Guru Besar Fakultas Pertanian Universitas Brawijaya Prof Arifin Noor Sugiharto mengembangkan jagung hibrida Brawijaya Nusa di NTT. Foto: Dok. Humas UB |
Nusa Tenggara Timur (NTT) telah memulai pengembangan varietas jagung hibrida Brawijaya Nusa yang merupakan hasil inovasi akademisi Fakultas Pertanian Universitas Brawijaya (FP UB). Benih jagung jenis ini mempunyai hasil yang tinggi dan waktu panen yang cepat.
"Jika total hasil jagung pada umumnya hanya bisa mencapai 9 ton per hektare, maka dengan menggunakan benih jagung Brawijaya Nusa dapat meningkatkan hasil lebih dari 30%," tegas Arifin Noor Sugiharto, Guru Besar Fakultas Pertanian Universitas Brawijaya.
Ia menjelaskan dua dari lima varietas jagung yang diseleksi Kementan lalu dikembangkan adalah Nusa 1 dan Nusa 3. Keunggulan benih jagung Brawijaya Nusa mencapai 12,9 ton dan 13,7 ton per. Selain itu, jagung Brawijaya Nusa juga dapat beradaptasi di daerah semi arit atau berlahan kering seperti wilayah NTT khususnya Sumba dan Timor.
"NTT mempunyai potensi untuk budidaya jagung dan peternakan sapi, namun produktivitasnya masih rendah. Meskipun secara umum panen jagung menghasilkan rata-rata 5,8 ton hingga 5,9 ton jagung per hektar, hasil di NTT hanya 2,3 ton per hektar," ujarnya.
Oleh karena itu, diperlukan inovasi teknologi jagung dari Maize Riset Center (MRC) yang dapat meningkatkan produktivitas hingga memenuhi standar nasional.
Arifin mengatakan, mulai tahun 2022 sosialisasi mulai memperkenalkan bibit jagung dan teknologi budidaya di NTT. Sehingga pada tahun 2024, Pemprov NTT berharap masyarakat lokal dapat menikmati nilai tambah dari hasilnya.
Sebab selama ini bantuan benih jagung jika ada berasal dari luar NTT seperti Pulau Jawa.

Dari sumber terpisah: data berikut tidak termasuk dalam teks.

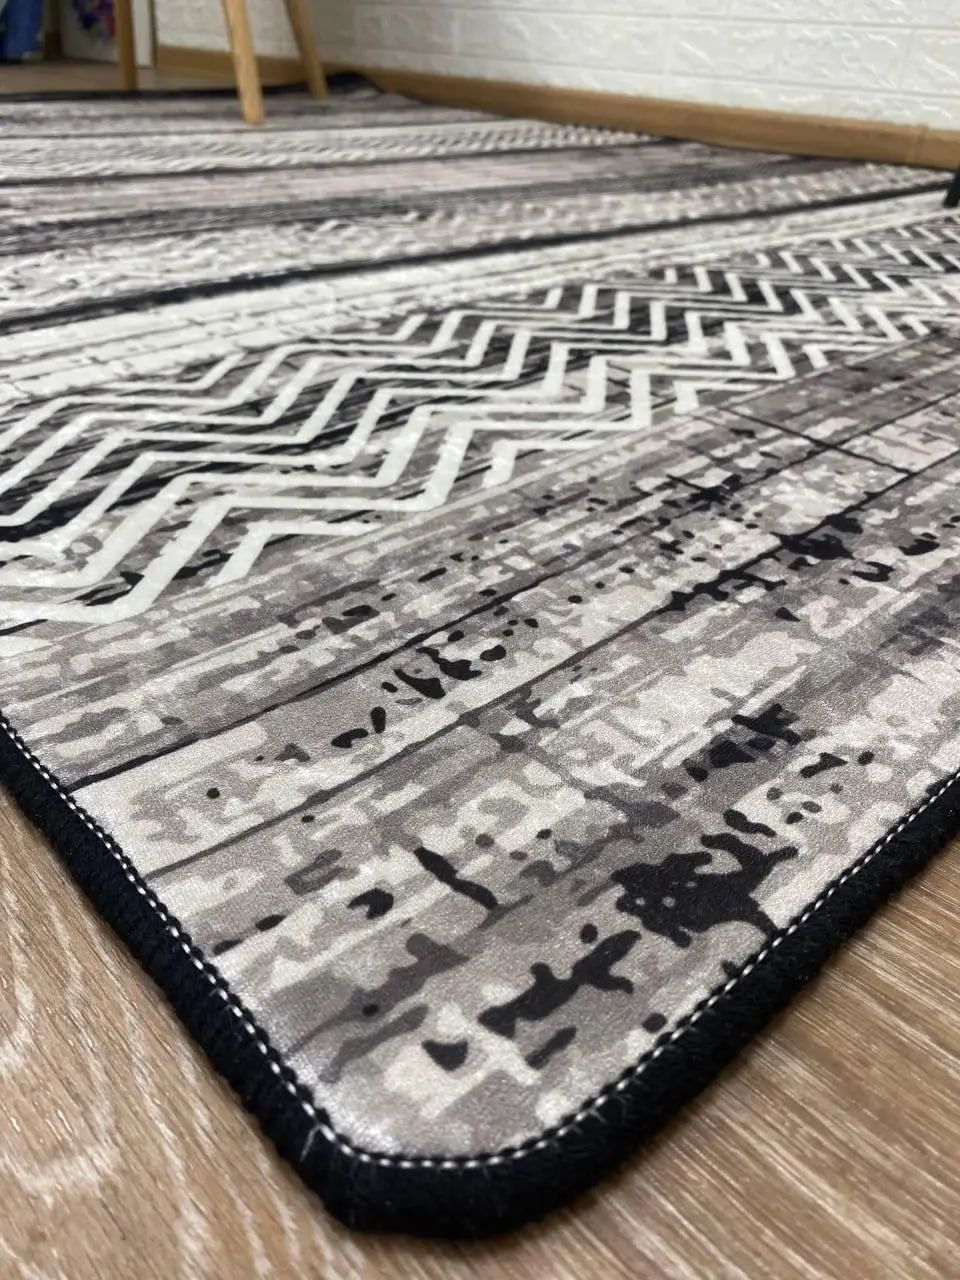 Турецький килим "Орнамент" підкладка з еко-шкіри

"Makanya kita diminta melakukannya. Siapa pun yang melakukannya harus bekerja sama dengan pihak swasta. Kenapa harus swasta? Karena kenyataannya benih, varietas, dan teknologi berasal dari perguruan tinggi," imbuhnya.

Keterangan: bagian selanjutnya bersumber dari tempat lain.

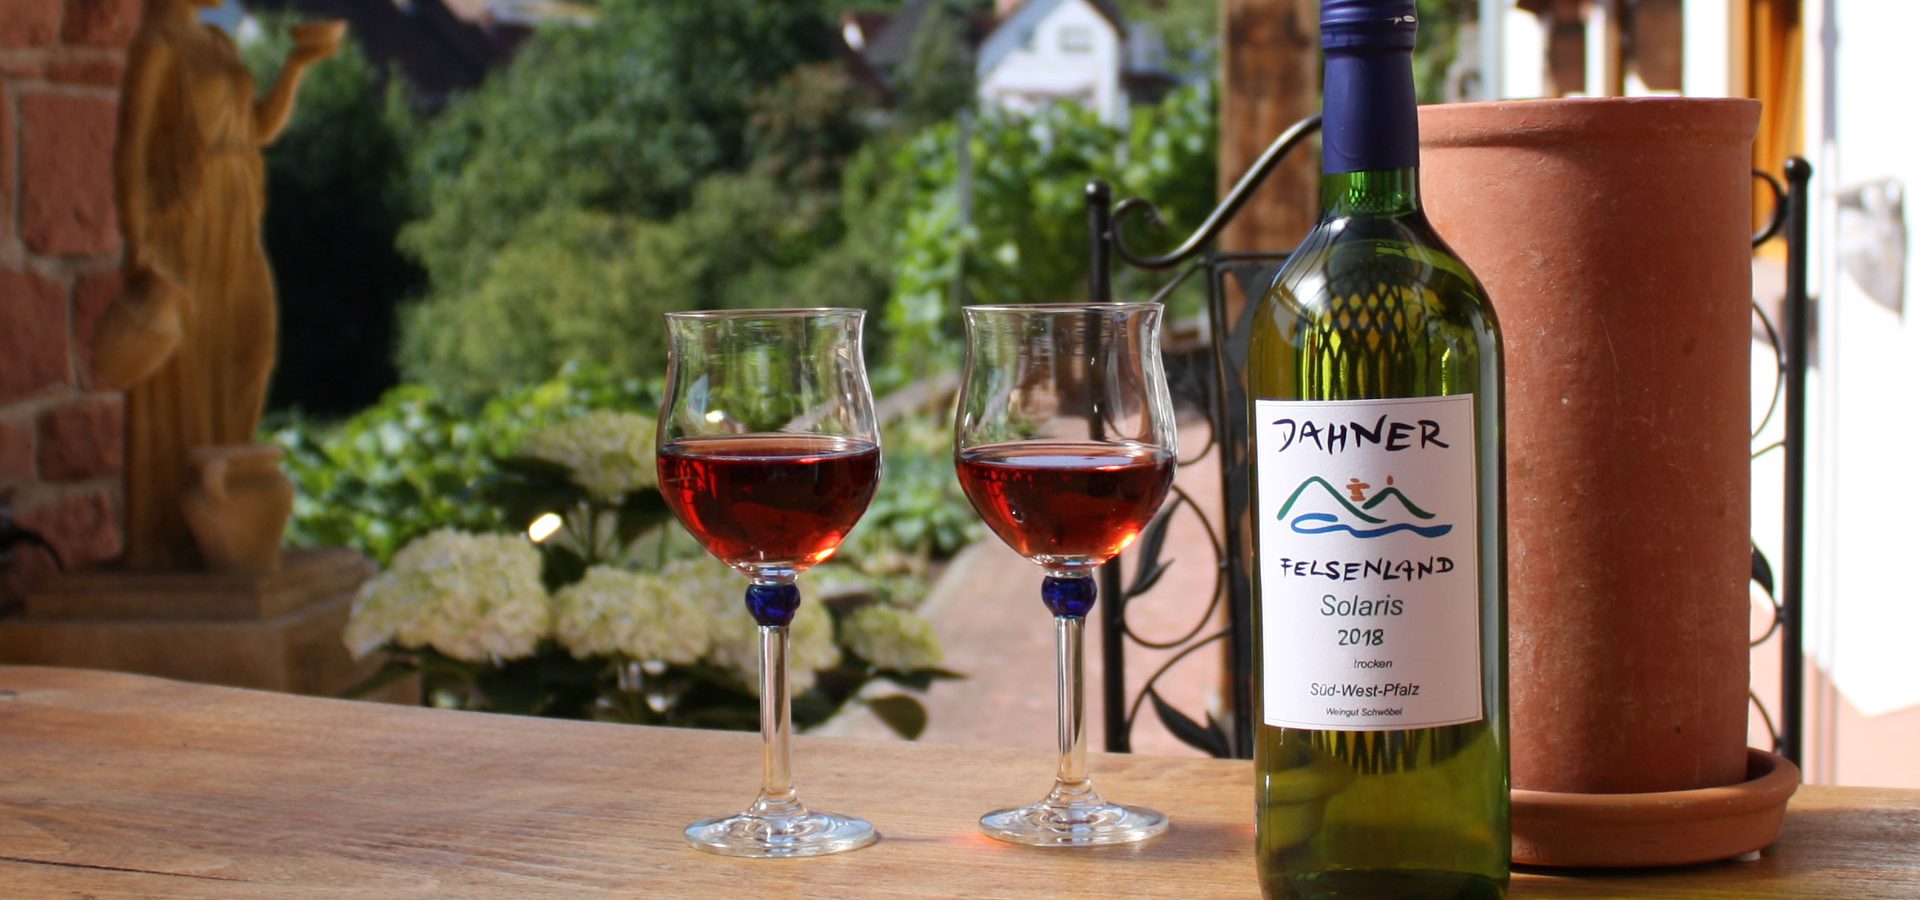 Terrasse mit Weingläsern

Pada saat yang sama, manajemen harus bekerja sama dengan pihak swasta dan melibatkan petani untuk mengefektifkan proses bisnis,
Arifin menambahkan, jagung yang dikembangkan di NTT adalah jenis pakan (field corn), jagung pangan yang rasanya manis, jagung ketan, dan jagung fungsional.
Menurut Arifin, pangan sebenarnya istilah tersendiri karena 70% dijadikan pakan. Namun bukan berarti tidak bisa dijadikan pangan, karena seperti di Afrika, Indonesia masih memanfaatkannya sebagai pangan masyarakat lokal. Juga di Madura, di Indonesia bagian timur, yang sebagian besar masyarakatnya juga memanfaatkan jagung.